Performance: Quarter-sawn vs. Plain-sawn

Appearance is not the only reason why quarter- or rift-sawn material is sought after. It also:

• Shrinks or swells less in width (ideal for flooring in extreme conditions)
• Reduces twisting, warping and cupping.
• Wears better as it is harder than flat sawn
• Has less propensity to surface check or split.
• Produces a better paint surface.

Quarter sawing is more of an art than plain sawing. It takes larger logs to quarter saw lumber, more production time in sawing each "quarter,” and wastes more of the log - all of which equates to a premium price for a premium product.

Veneer

Sliced Veneer

Pictures needed

Veneer can be sliced or rotary peeled. Veneer is sliced either from lumber or from half- or quarter-logs. Only the best quality logs (straight, mature, figured, free or nearly free of defect) are sliced as the resulting veneer generally goes into high-end applications such as architectural paneling, custom casework and furniture, and so forth.

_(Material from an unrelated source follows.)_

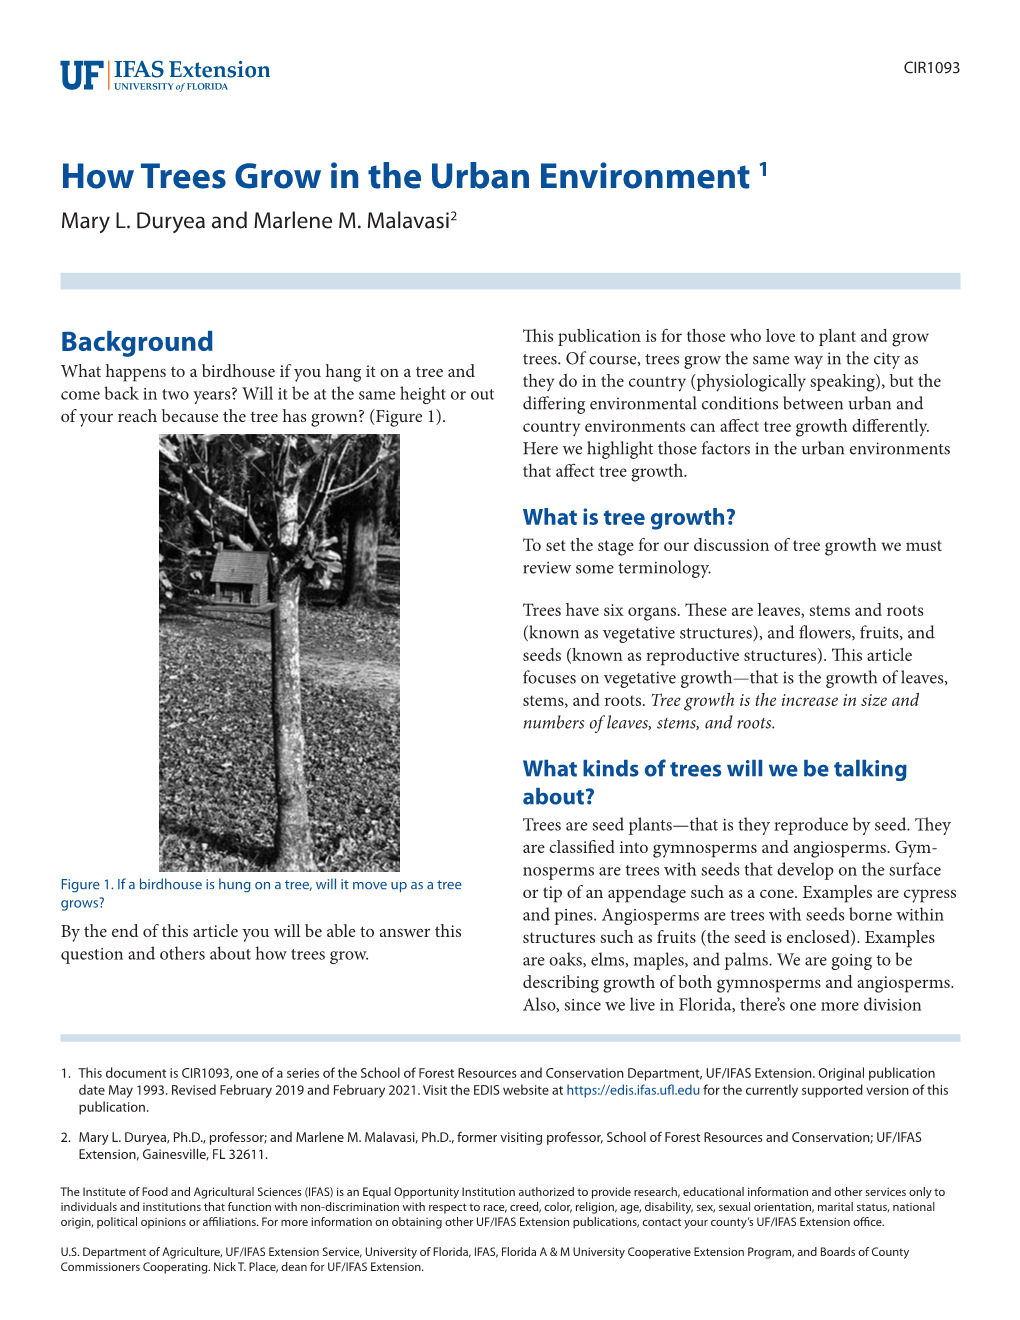 How Trees Grow in the Urban Environment 1 Mary L

Logs or lumber that is sliced such that the face of the veneer is tangential (or nearly so) to the growth rings is quarter-sliced. Veneer that is sliced in such a way that the face is perpendicular (or nearly so) to the growth rings is plain-sliced. The two types of grain orientation result in different appearances, with quarter-sliced material having a clean, linear look and plain-sliced a “cathedral” of “flame” pattern. Because sliced veneer can be sequenced on panels (i.e. successive leaves of veneer that come from a single log can be laid up side by side), the graining can be consistent and matching throughout an interior. This is not generally done with flooring that uses sliced veneer as a wear layer. 

Rotary Veneer

Pictures needed 

Veneer can be rotary peeled or sliced. Rotary veneer is peeled from whole logs. The log is placed on a machine that is basically a large lathe and spun at high speeds before engaging with a sharp knife that runs the length of the log and ‘peels’ the veneer away in a contiuous sheet until all that remains is a core. The graining of peeled veneer tends to be wild and random (in flooring, it most resembles plain-sawn wood [link]). While it is the most efficient way to produce veneer, because of its wild graining, rotary veneer is rarely used in architectural paneling.